- **What you are asked to do**
The answer must consist only of the lines in the records below from the line with "Schwartz Chip Seasoning, 300g - McGrocer" to the line with "Women's Plush Red", both included, copied word for word with every picture left out.

- **Exercise data**
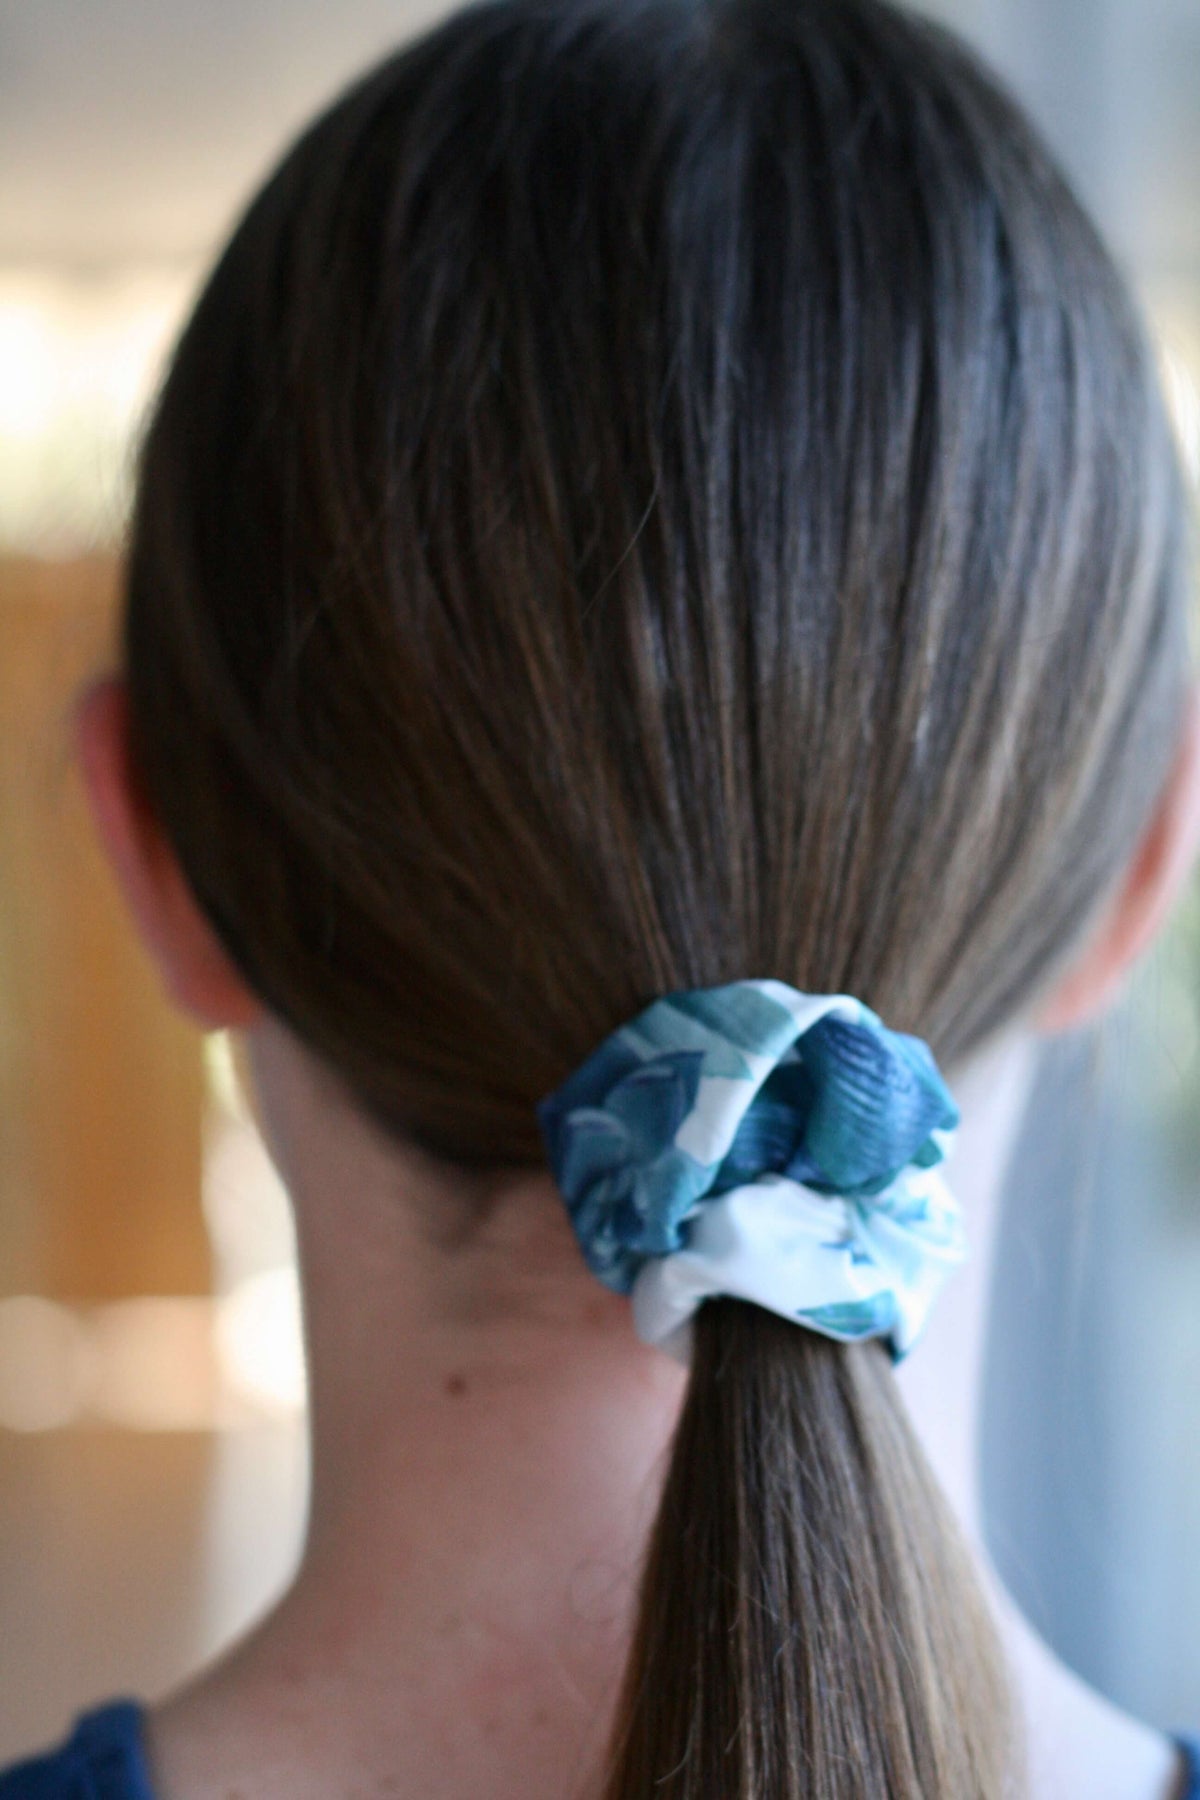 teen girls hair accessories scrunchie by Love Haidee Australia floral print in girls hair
==
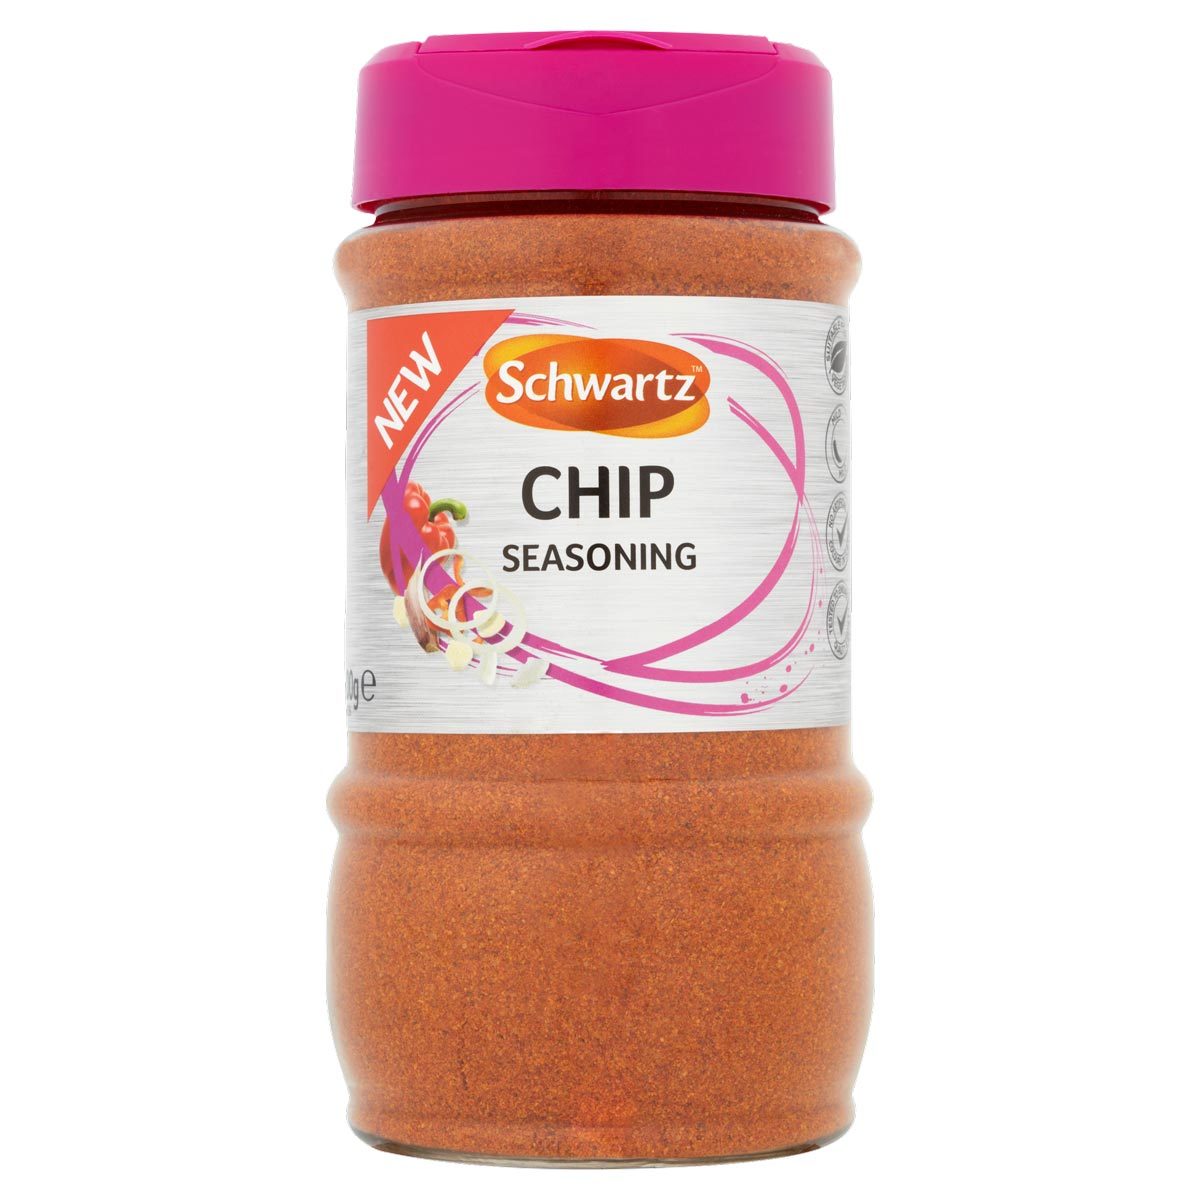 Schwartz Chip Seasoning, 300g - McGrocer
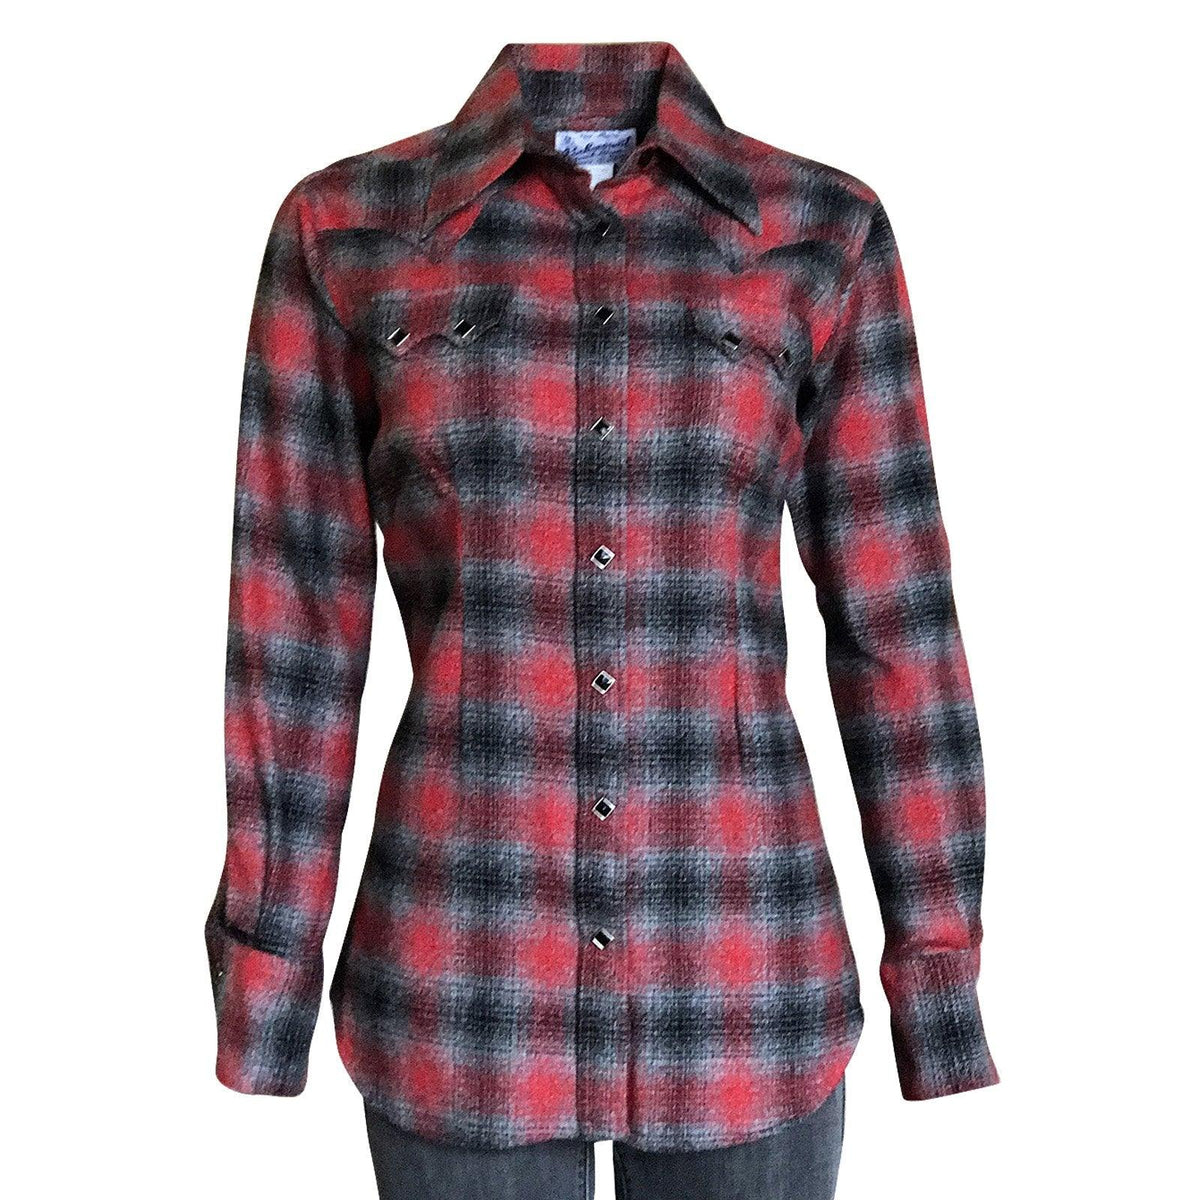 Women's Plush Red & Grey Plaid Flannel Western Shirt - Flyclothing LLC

- **Result below**
 Schwartz Chip Seasoning, 300g - McGrocer
 Women's Plush Red & Grey Plaid Flannel Western Shirt - Flyclothing LLC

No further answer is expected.